No. 1 – Louisville Cardinals
- Position: Running back
- Class: Junior

Personal information
- Born: March 2, 2005 (age 21)
- Listed height: 5 ft 9 in (1.75 m)
- Listed weight: 190 lb (86 kg)

Career information
- High school: Homestead (Homestead, Florida)
- College: Louisville (2024–present);

Awards and highlights
- ACC Rookie of the Year (2024); ACC Offensive Rookie of the Year (2024); Second-team All-ACC (2024); Third-team All-ACC (2025);
- Stats at ESPN

= Isaac Brown (American football) =

American football player (born 2005)

Isaac Brown (born March 2, 2005) is an American college football running back for the Louisville Cardinals.

==Early life==
Brown attended Homestead Senior High School in Homestead, Florida.
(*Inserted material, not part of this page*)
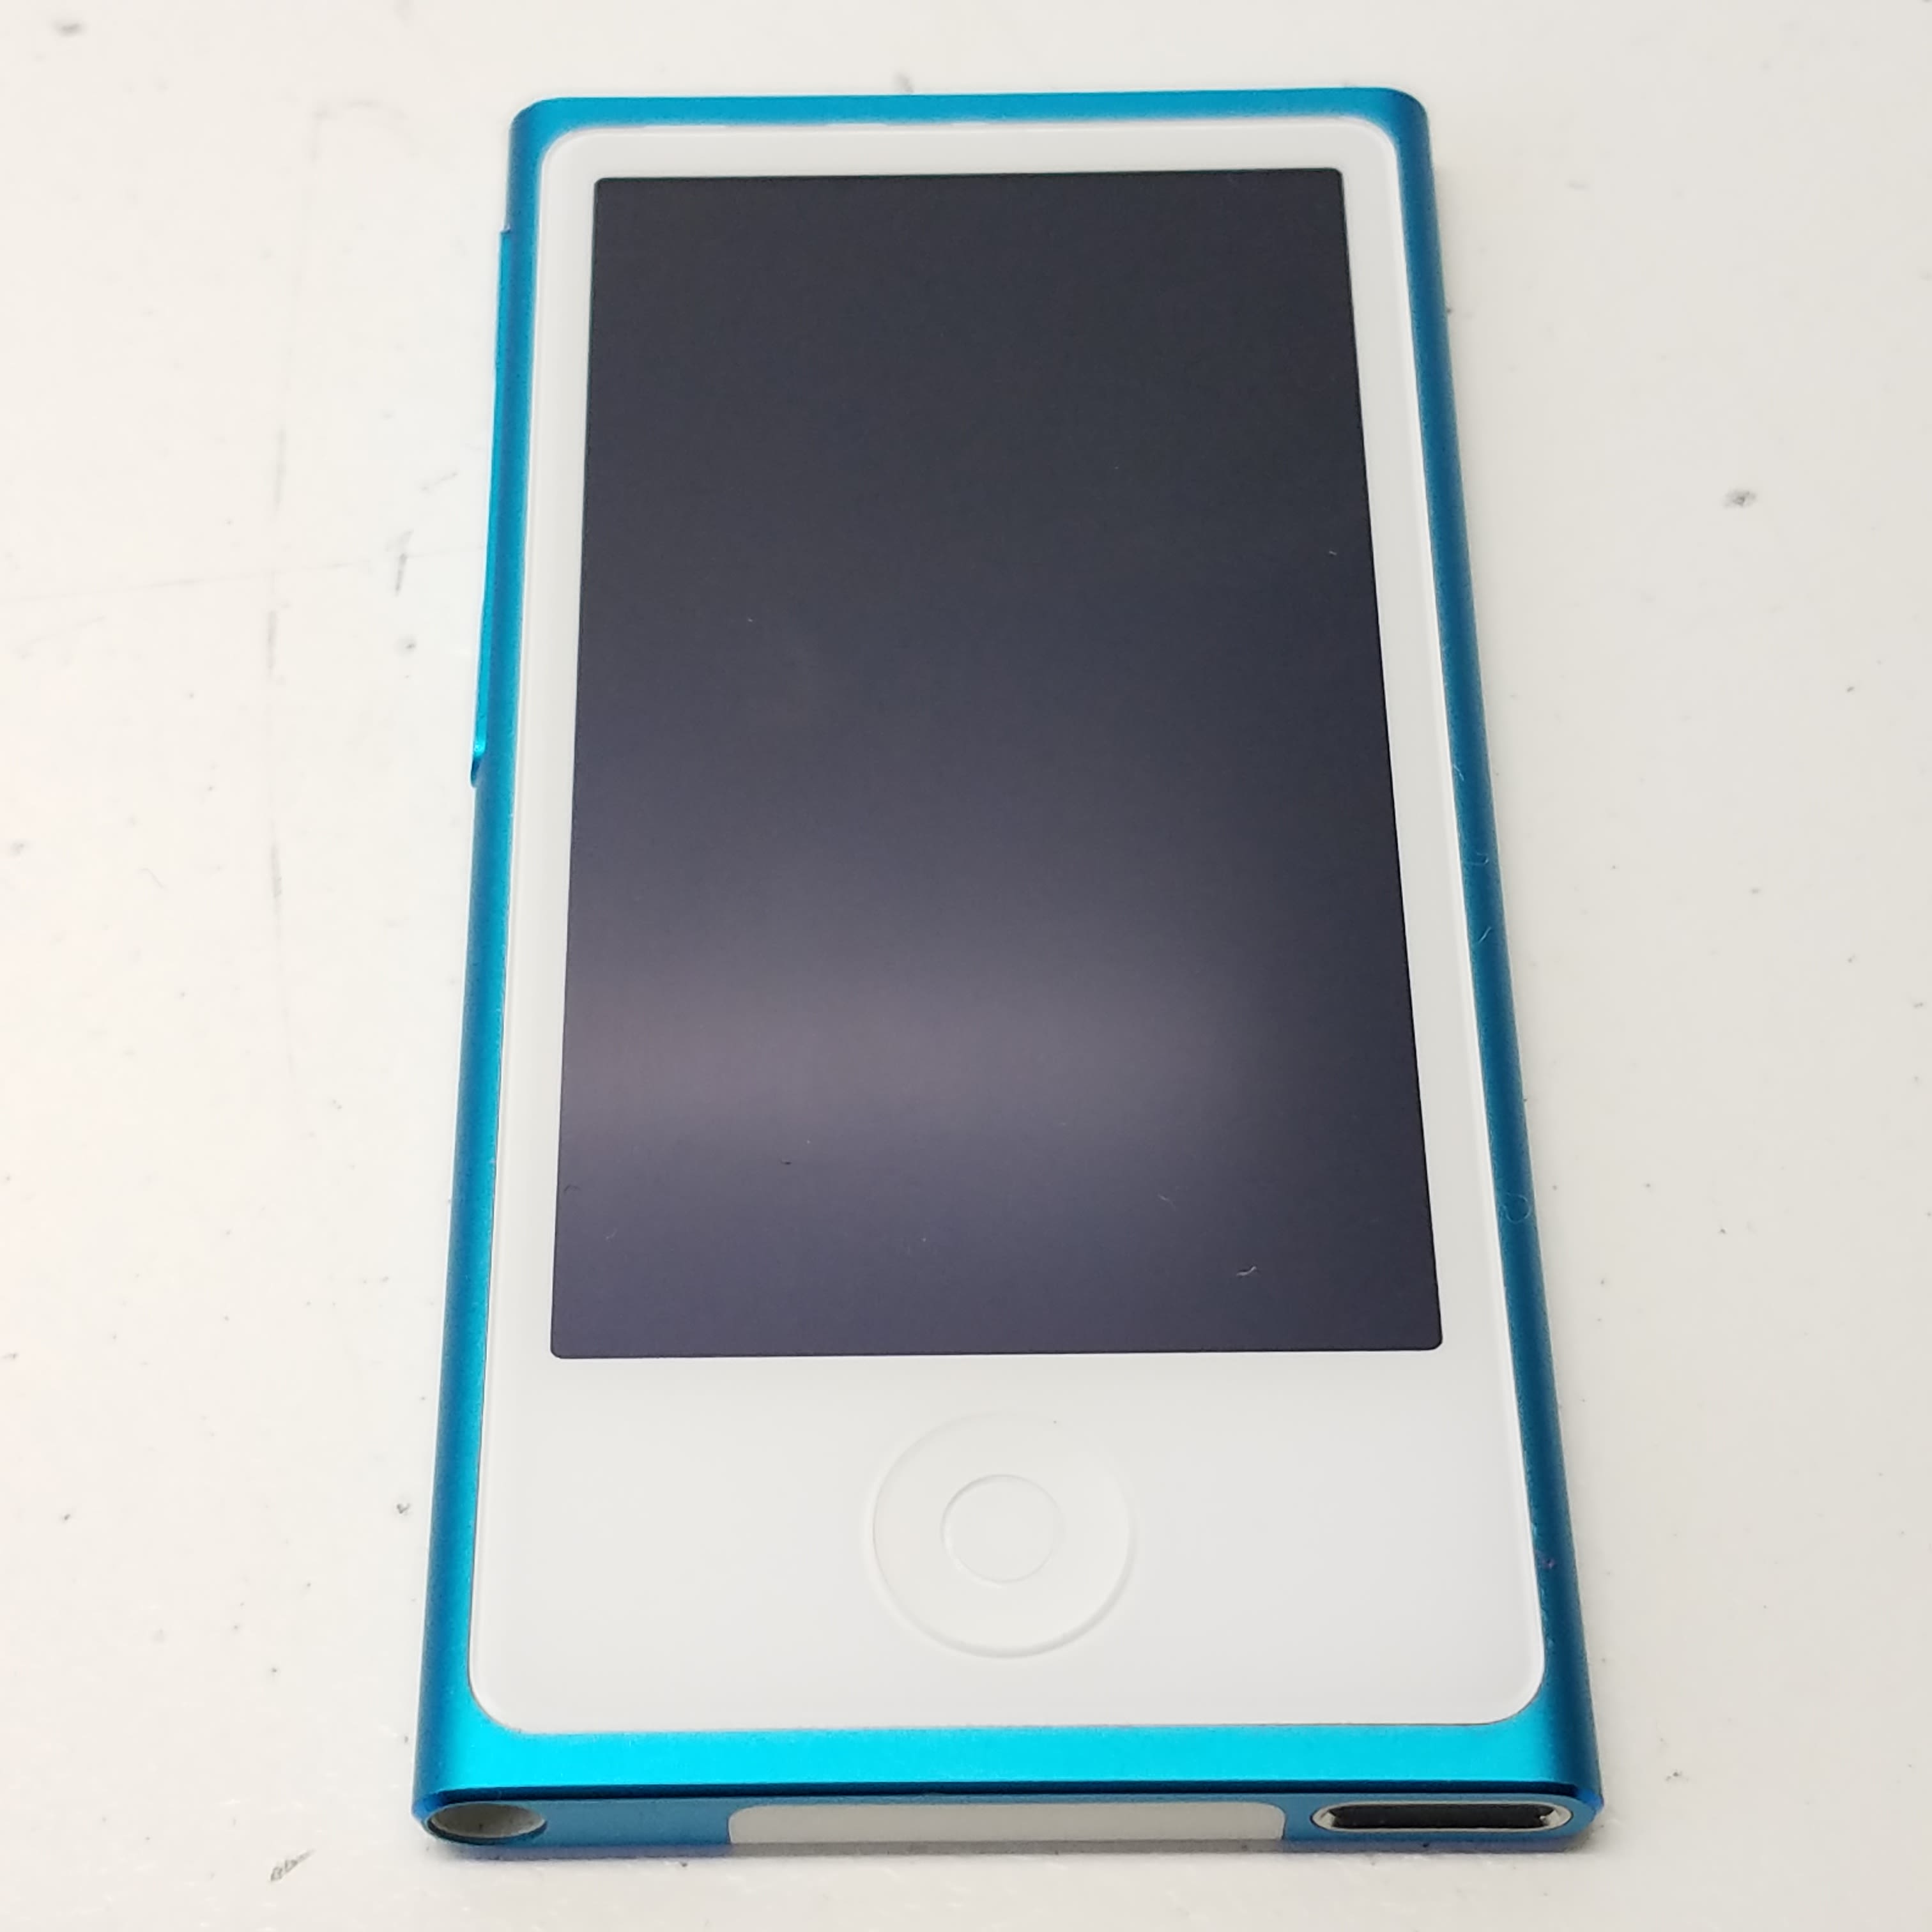 Buy the Apple iPod Nano (7th generation) - Blue (A1446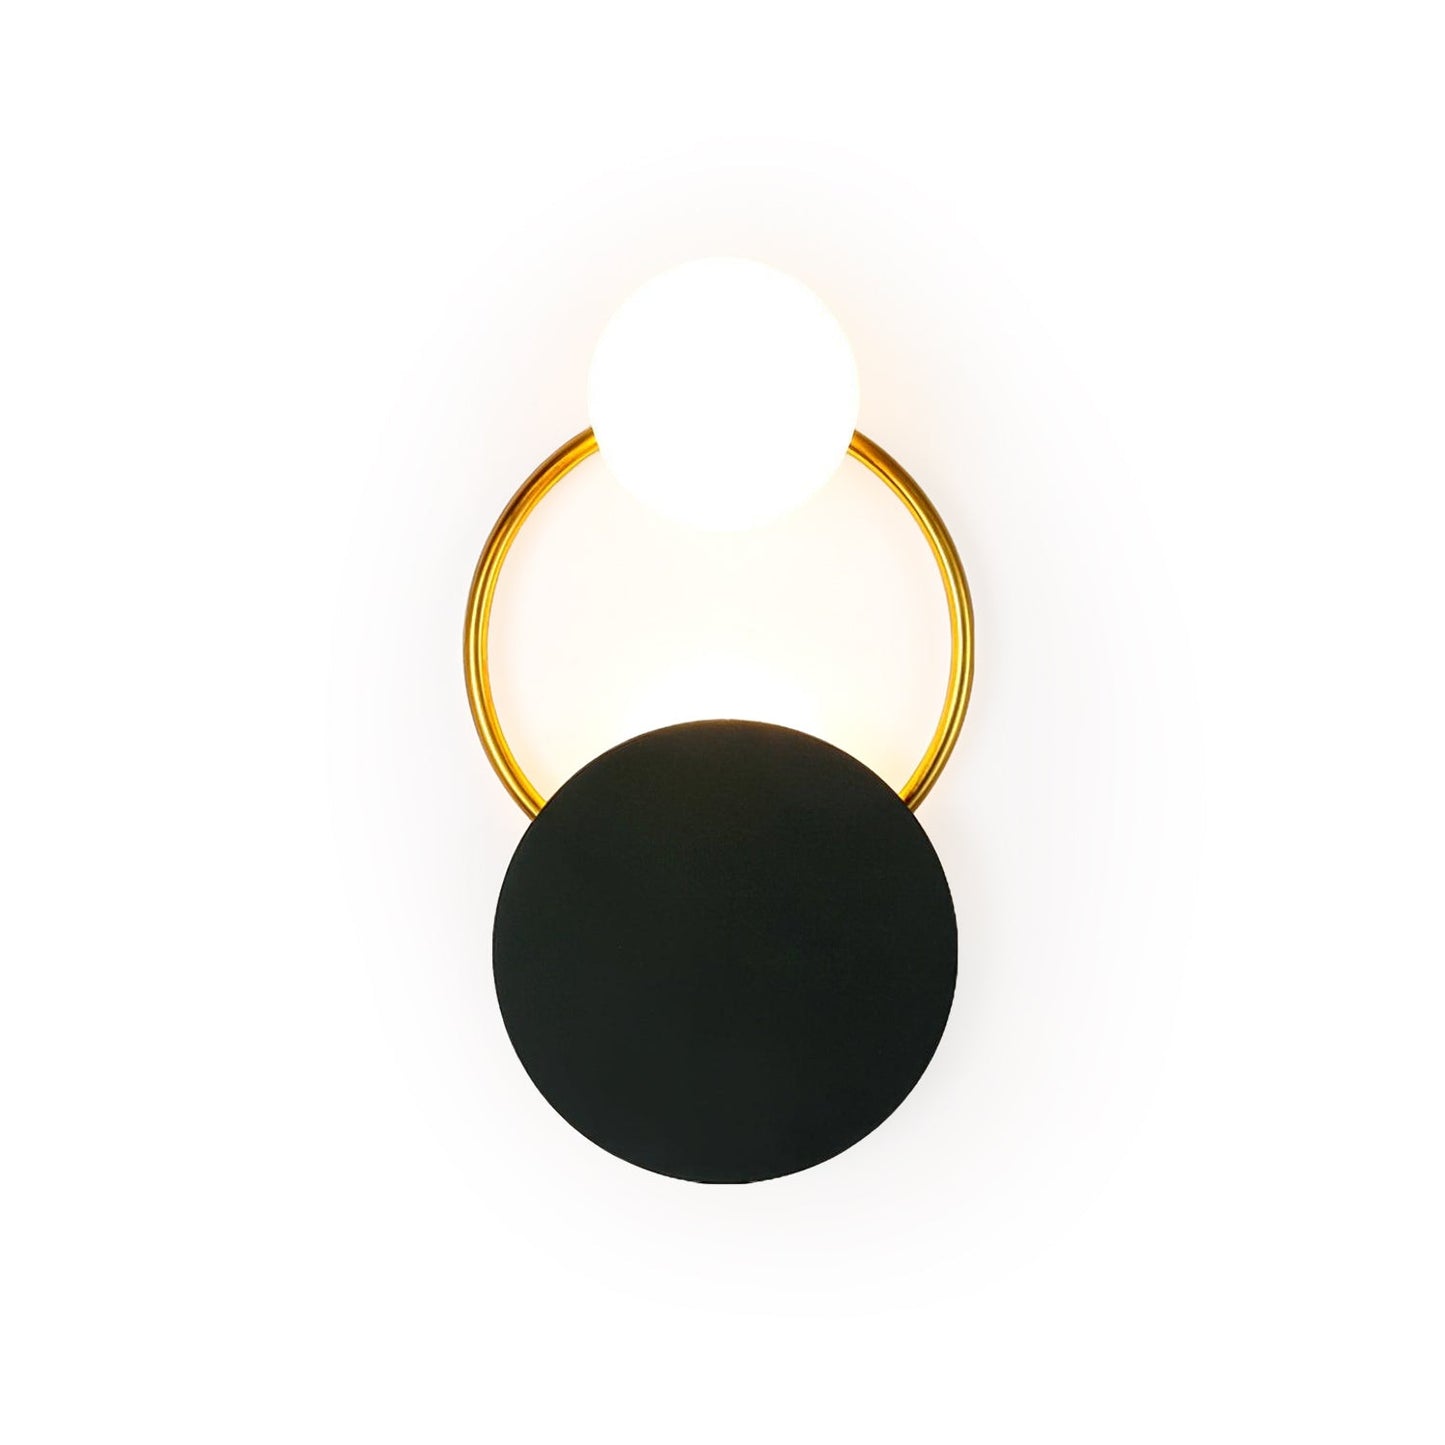 Schwarze Wandlampe mit kreisförmigen Ringen

He had 650 rushing yards and 10 touchdowns as a junior and 1,084 yards as a senior. He committed to the University of Louisville to play college football.

College recruiting
| Name | Hometown | School | Height | Weight | 40^{‡} | Commit date |
| Isaac Brown RB | Homestead, Florida, U.S. | Homestead | 5 ft 9 in (1.75 m) | 190 lb (86 kg) | – | Aug 1, 2022 |
Recruit ratings: Rivals: 247Sports: ESPN: (80)
Overall recruit ranking: 247Sports: 39 (RB) ESPN: 31 (RB)
Note: In many cases, Scout, Rivals, 247Sports, On3, and ESPN may conflict in their listings of height and weight.; In these cases, the average was taken. ESPN grades are on a 100-point scale.; Sources: "2024 Team Ranking". Rivals.com.;

==College career==
===2024 season===
In his first game as a true freshman at Louisville, Brown rushed for 123 yards on five carries with a touchdown. He rushed for 1,173 yards, becoming the first true freshman in program history to rush for over 1,000 yards. He led the ACC with 7.1 yards per carry and finished third in rushing yards.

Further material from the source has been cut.